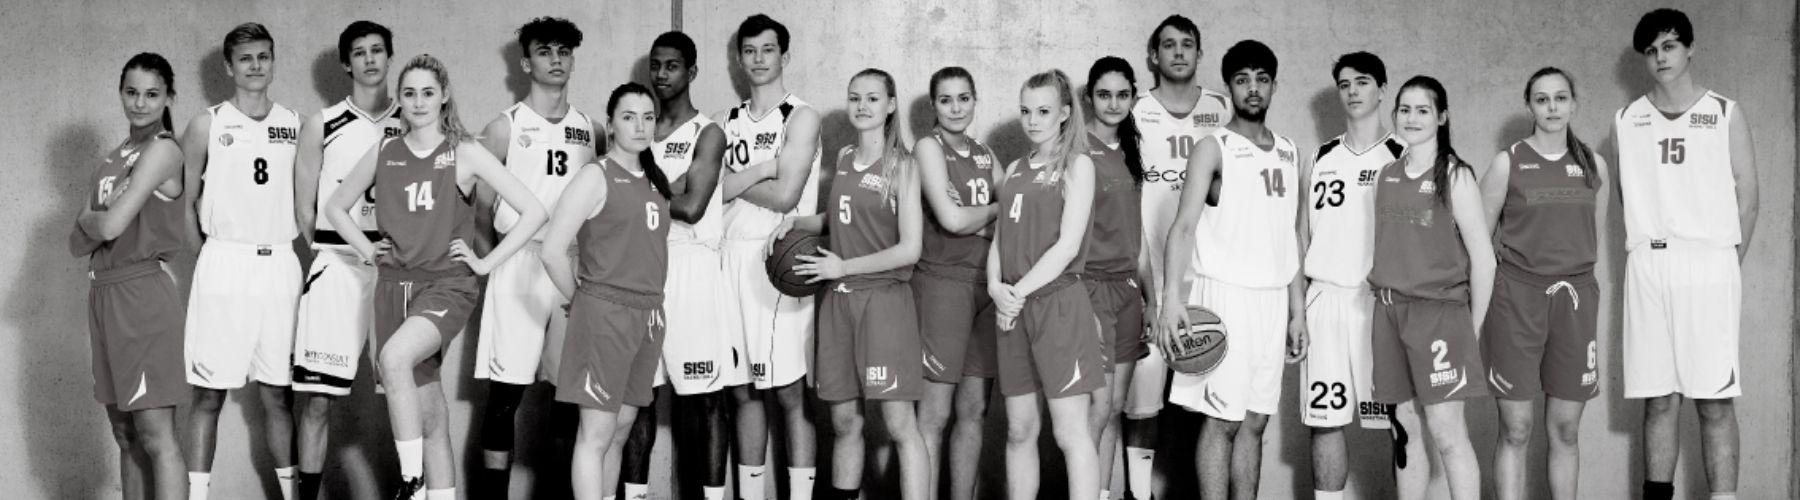 SISU Basketball's medieportal cover image
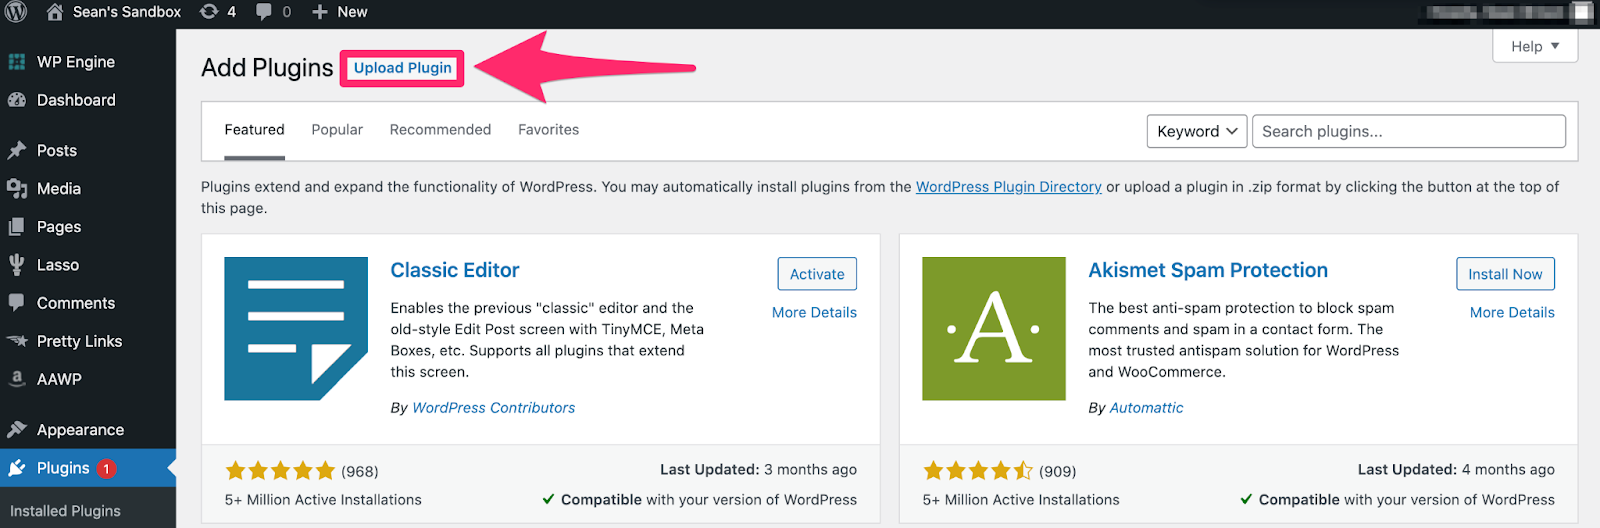 uploading aawp plugin inside wordpress
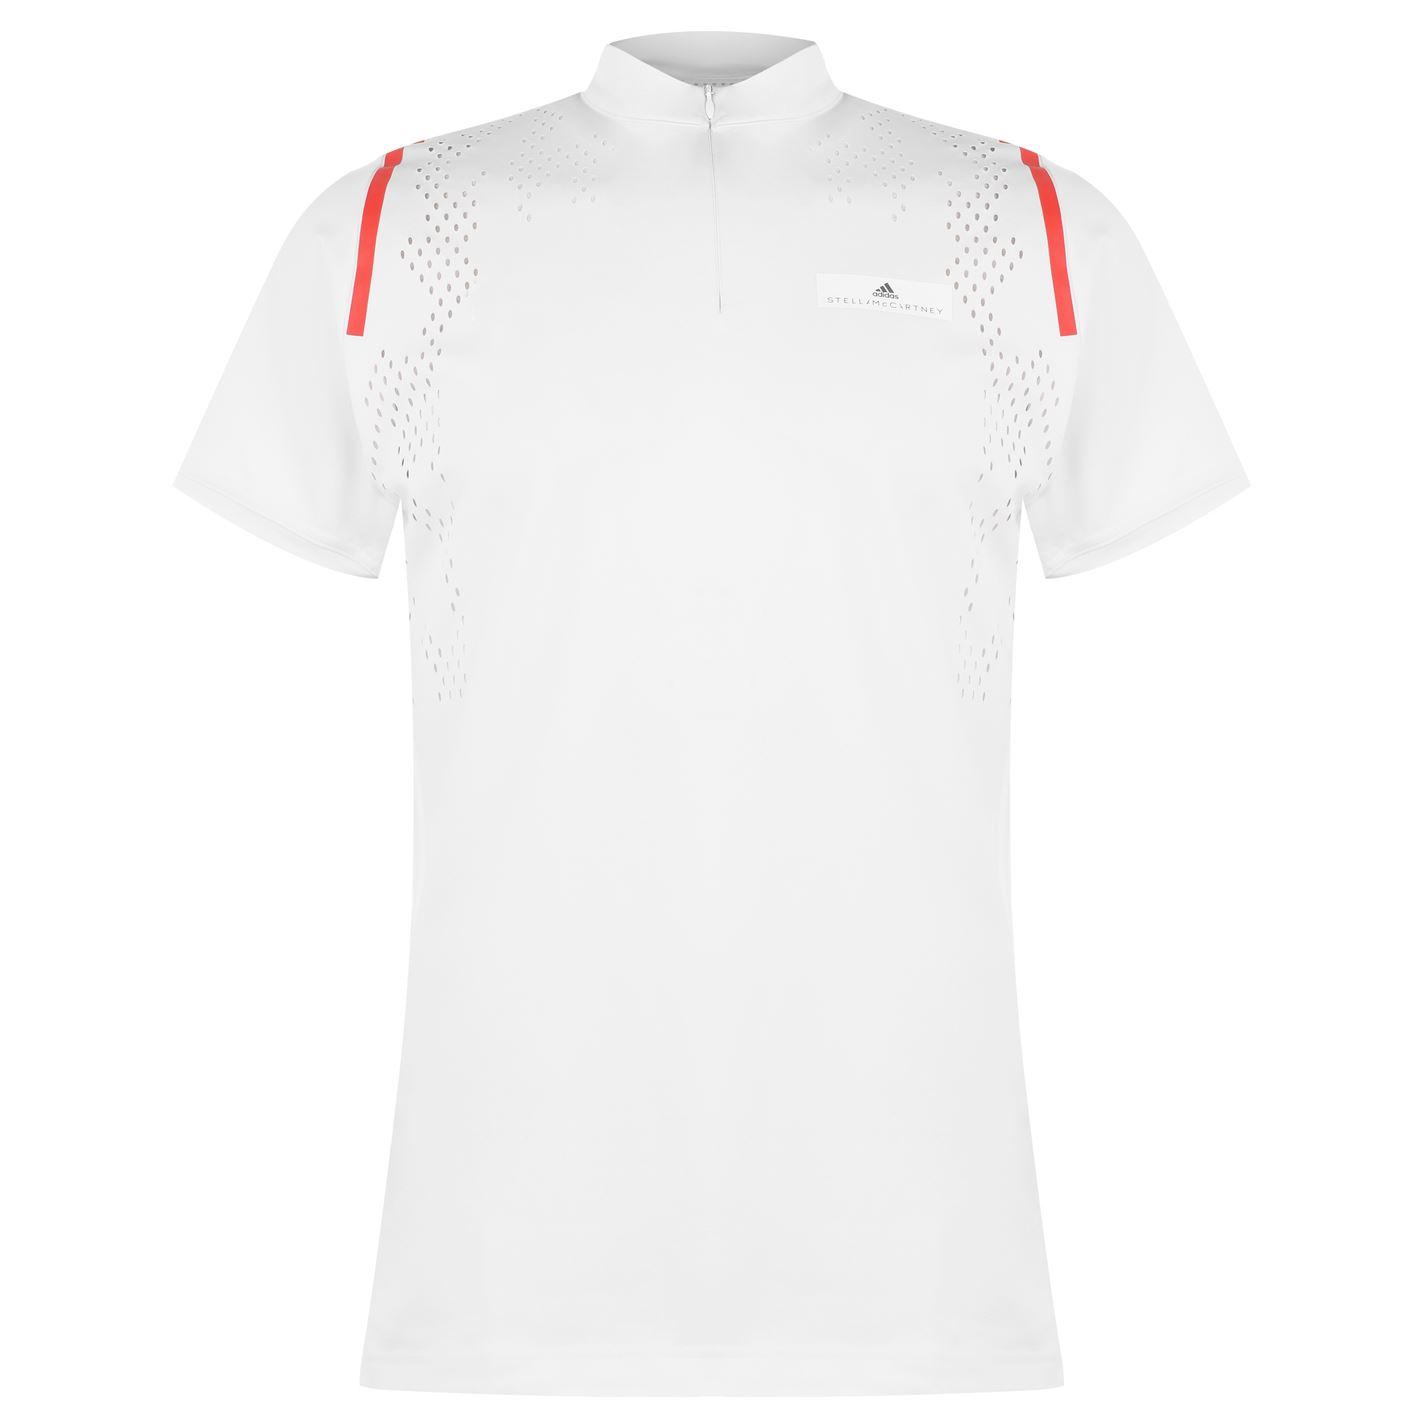 Adidas Stella McCartney Court Zip T Shirt Mens

====================

# Problem requirements
Print the data above exactly; drop every picture.

# Output below
 SISU Basketball's medieportal cover image
 uploading aawp plugin inside wordpress
 Adidas Stella McCartney Court Zip T Shirt Mens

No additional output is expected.